San Andrés era ayer un coro de preguntas sin respuesta. Manuel del Río, un jubilado gallego, era vecino de Isaías Carrasco. El del piso de abajo. Se enteró de su muerte mientras comía. Escuchó las sirenas y sintió una extraña inquietud en el ambiente. Luego llegó la noticia y sintió un aguijonazo en el estómago. Asomado a la ventana del salón, Manuel resopla.

-«Dígame. ¿Cómo se puede hacer esto a un chaval con tres hijos que nunca ha hecho nada malo? Dígamelo. A un hombre que sólo se dedicaba a trabajar y a estar con su familia...»-, se lamenta.

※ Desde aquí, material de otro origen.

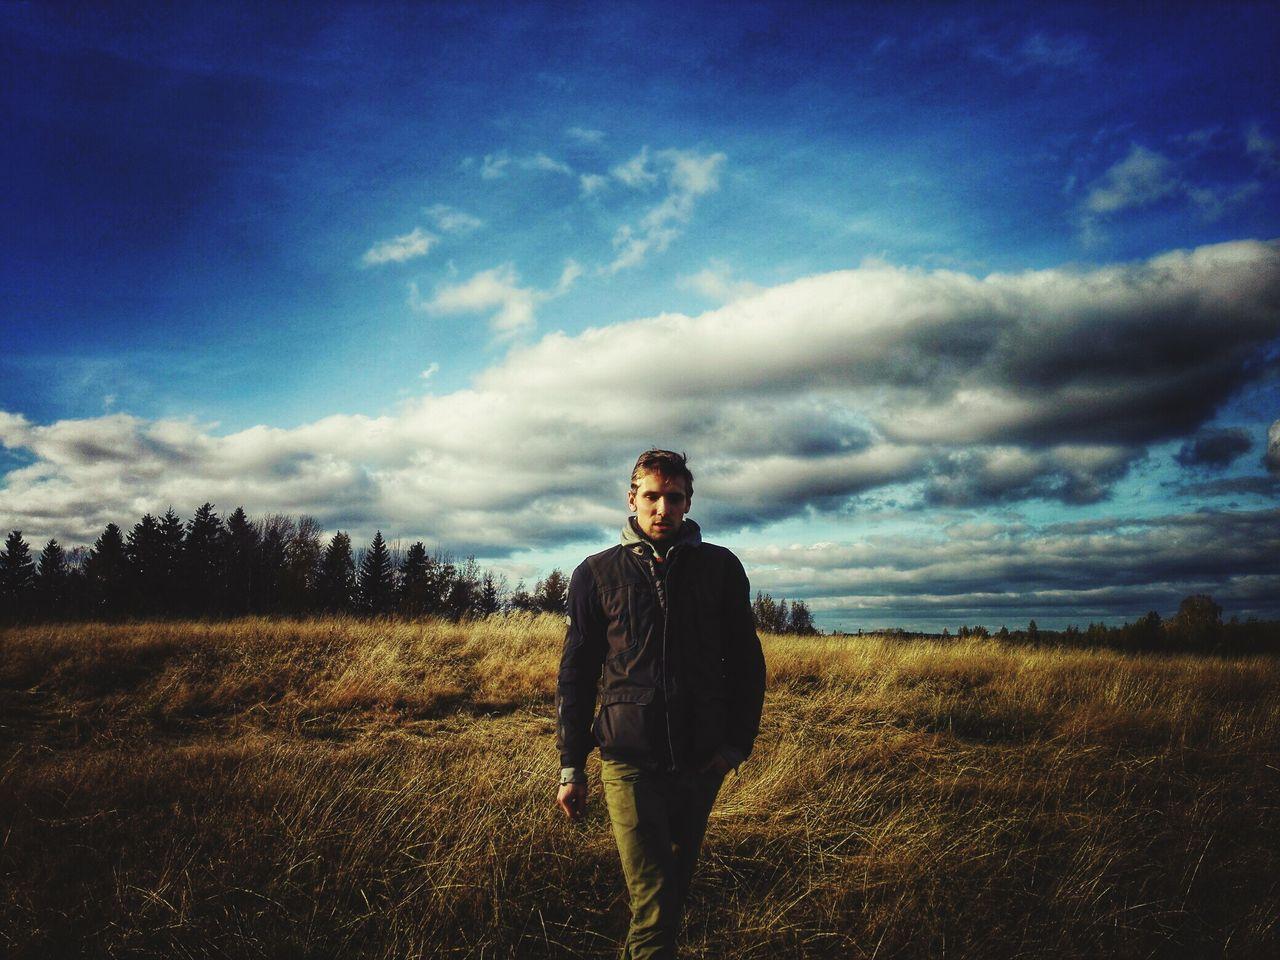 Portrait of man walking on grassy field against blue sky
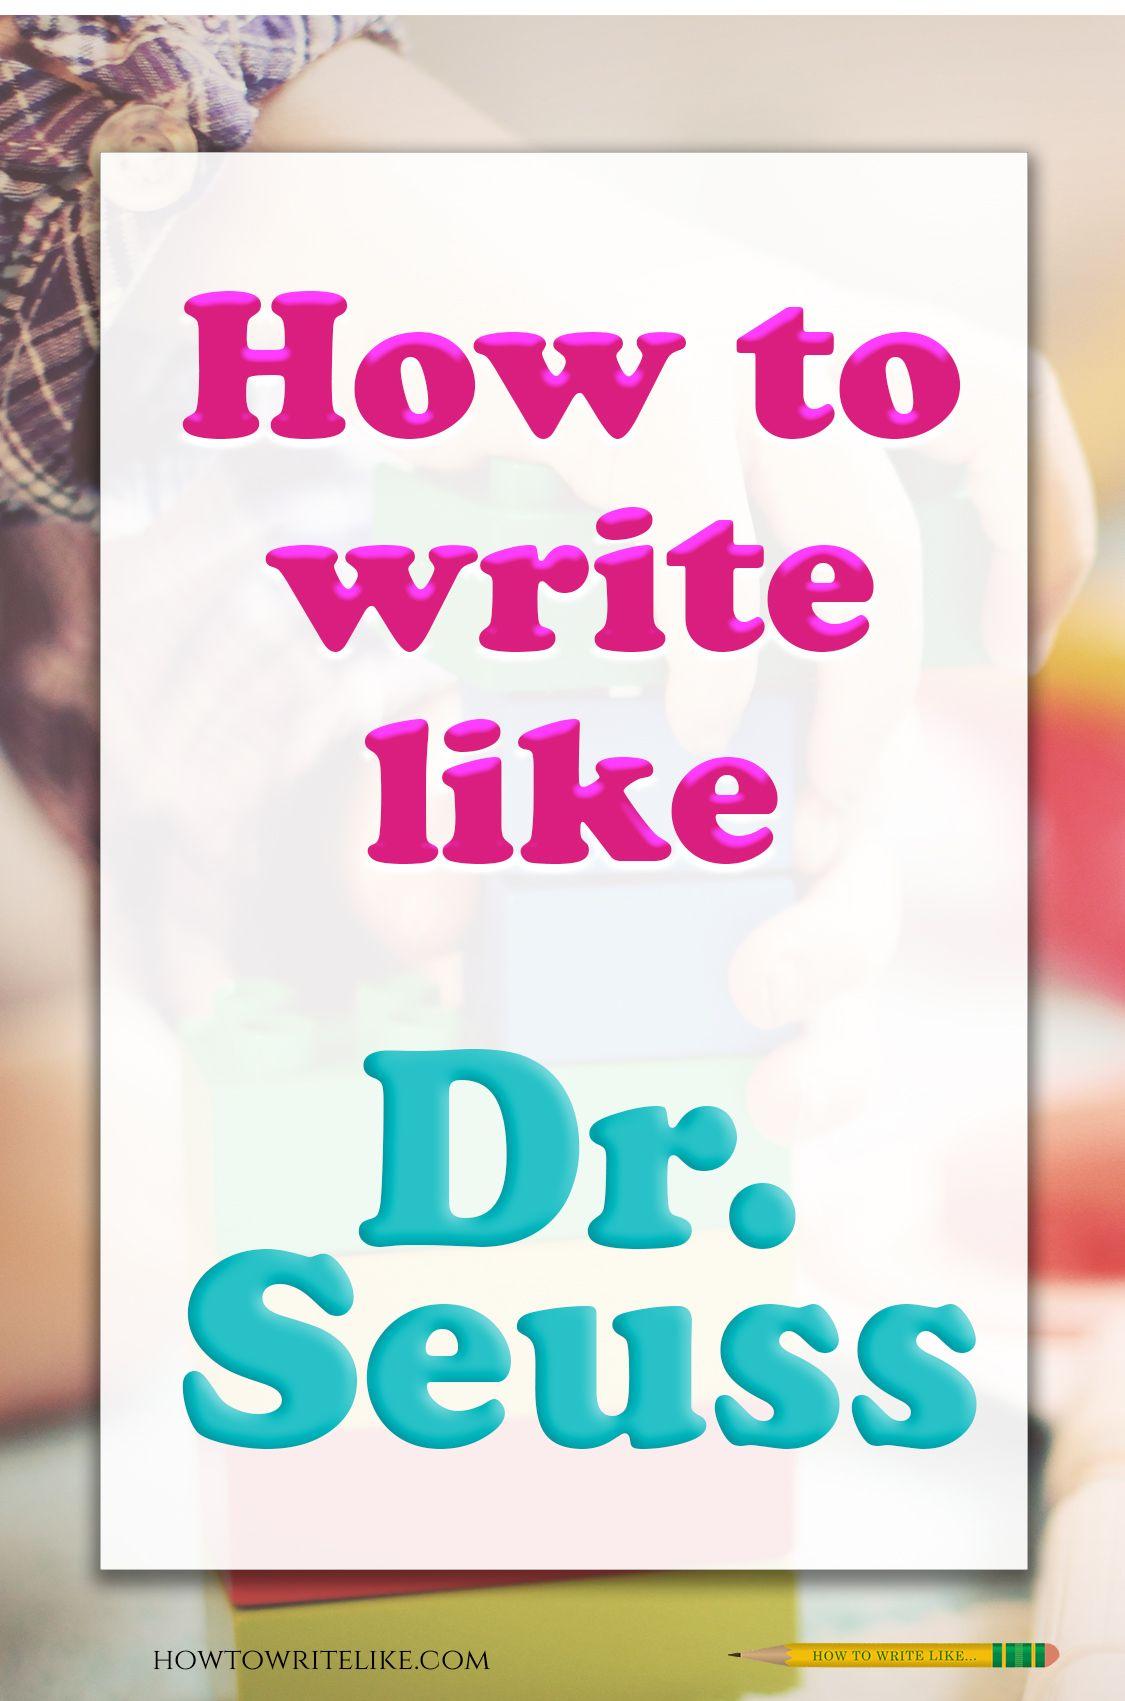 How to write like Dr. Seuss  Seuss, Christmas poems, Writing

Muy cerca de allí, cruzando por delante del cordón policial, José Luis Pérez regresa a casa. Conocía a Isaías de toda la vida. Le sacaba nueve años y le vio crecer en las calles del barrio y jugar al fútbol en el Pedrusco y defender al Athletic en los bares, durante la ronda de chiquitos.

-«Yo me pregunto por qué y para qué. Y me lo voy a preguntar toda la vida»-, dice este empleado de Fagor Arrasate.

Vecinos y amigos

Las cintas de plástico del cordón policial están sujetas a los canalones de las casas. El lugar exacto del crimen queda a unos cincuenta metros. A ambos lados de la calle hay coches aparcados, unos en fila y otros en batería. Junto al coche de Isaías se ven unos carteles amarillos con números. Indican la situación de los casquillos de bala que los terroristas utilizaron para acribillar a su víctima indefensa. En el suelo se ven también tres guantes de látex y dos vendas ensangrentadas. Encapuchados y con chalecos antibalas, los agentes de la Ertzaintza inspeccionan la calle y el pequeño jardincillo con setos de aligustre que hay delante de las casas. El trabajo parece muy metódico. Hay agentes que observan con una lupa el rastro de la sangre de Isaías. Otro apunta datos en un portafolios. Viendo la escena, rodeados de periodistas, algunos vecinos de otros barrios se preguntan en voz alta cuándo podrán sacar su coche. Un agente les oye y se encoge de hombros.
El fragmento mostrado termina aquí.